The widespread use of Chinese-made drywall throughout the U.S. between 2004 and 2008 continues to become more apparent, as more and more homes are being found to have this type of drywall. Once thought to be a localized problem in the southeastern United States, the U.S. Consumer Product Safety Commission (CPSC) reports that it has received complaints about Chinese-made drywall in 37 states.
Drywall from several Chinese manufactures has been found to emit sulfurous gases, including carbon disulfide, carbonyl sulfide, and hydrogen sulfide. These gases commonly have an odor resembling rotten eggs; however the absence of odor does not mean that the drywall is free of these gases. Exposure to these gases can cause sickness in humans, most commonly respiratory infections, headaches, and sinus problems. The gases also react with copper, causing wiring, pipes, air conditioning coils, and appliances to deteriorate and fail prematurely.
On its website, the CPSC reports that it is “aggressively investigating” the problem, including the potential health hazards to occupants. The Federal Interagency Task Force on Problem Drywall issued interim remediation guidance in April 2010, which recommends removing all problem drywall from a home, as well as all fire safety alarm devices, all electrical components and wiring, and all gas piping and sprinkler system systems. This essentially means gutting a home down to the studs, at a cost of tens of thousands (or hundreds of thousands) of dollars per home.
So what does this mean for appraisers? Will we be required to attempt to determine the origin of the drywall when we inspect a home? What if an appraiser notices a rotten egg smell when inspecting a home? What will be an appraiser’s liability if a home that was appraised at, say, $250,000 is later found to have Chinese drywall and needs to have $100,000 worth of remediation? Once the remediation is done, is there still a stigma attached to the home? Good questions, all. And there aren’t many answers, at least not at this time.

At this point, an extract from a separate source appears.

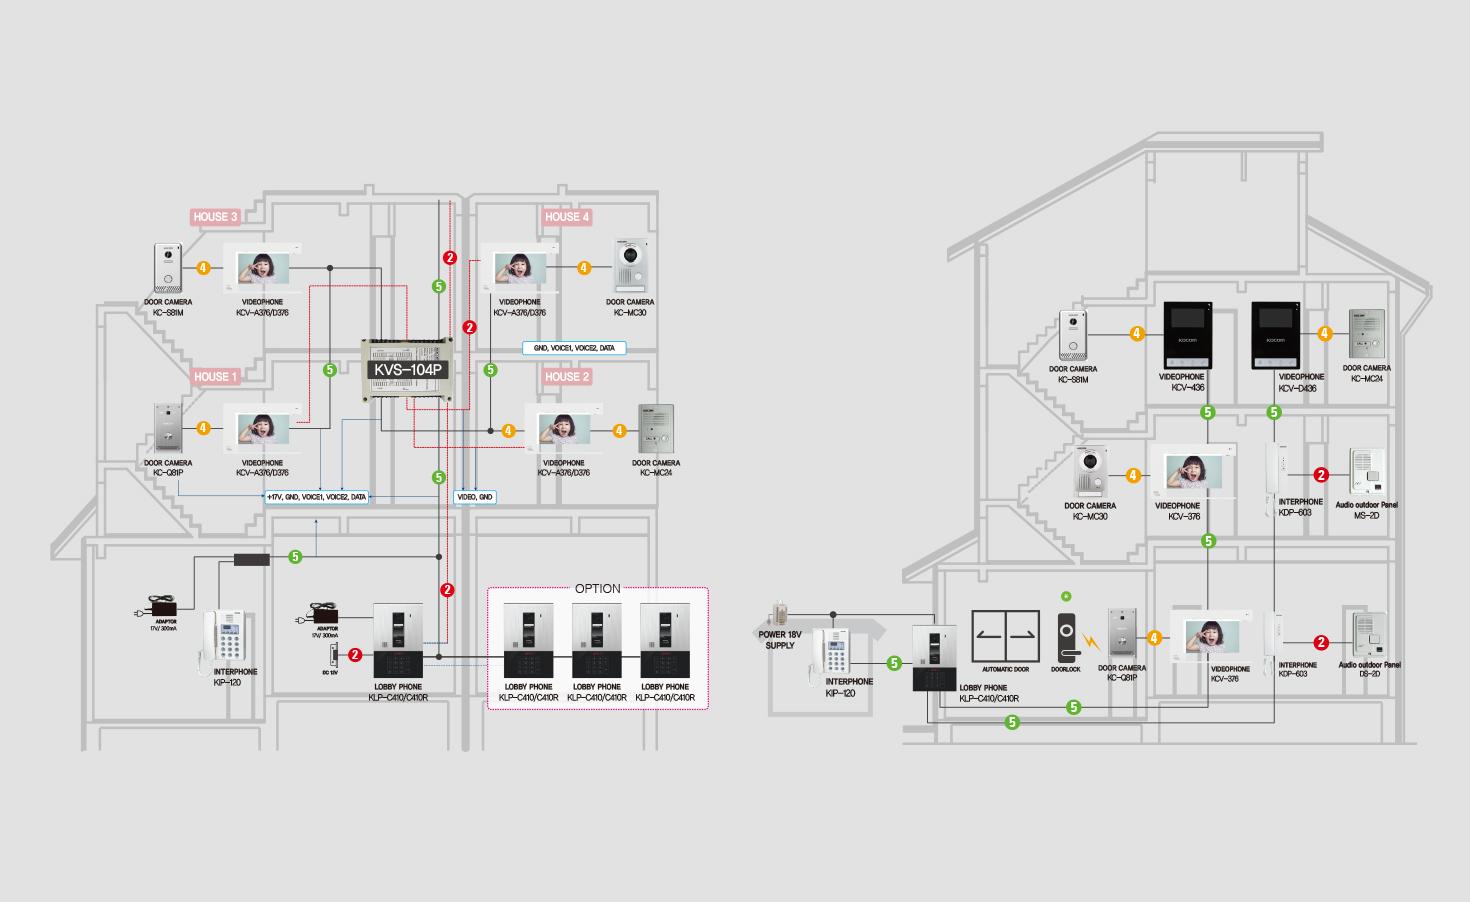 سیم کشی گار کوکوم System Diagram klp- 120

How long will the Chinese drywall issue last? And how will it affect appraisers? We can only look to history for possible answers. I entered the appraisal profession in 1987, which was before USPAP, before FIRREA, before mandatory certification and licensure. (In case you didn’t know, the Savings and Loan Crisis was my fault.) During this time, the scare over Urea Formaldehyde Foam Insulation (UFFI) was at its peak. I remember certain lender clients who required me to ask every property owner, “Have you added any insulation to your home within the last 10 years?” If they replied in the affirmative, I was then required to follow up with, “What type of insulation was it?” (If only I had a dollar for every time I heard the reply, “Pink.”) I was then required to insert a statement regarding this question-and-answer exchange in the appraisal report. Thankfully, the UFFI scare didn’t last; it fizzled out quickly. Over the next 2-3 years, interest in UFFI diminished to the point where no one seemed to care about it.
On the other hand, toxic mold has definitely had a longer shelf life. Approximately 10 years after toxic mold first appeared on the appraiser’s radar screen, it continues to be a problem issue for appraisers and property owners. Hundreds of attorneys still advertise on the Internet as toxic mold litigation specialists. While mold fever is certainly down from its peak a few years ago, it hasn’t gone away as quickly as the UFFI scare did.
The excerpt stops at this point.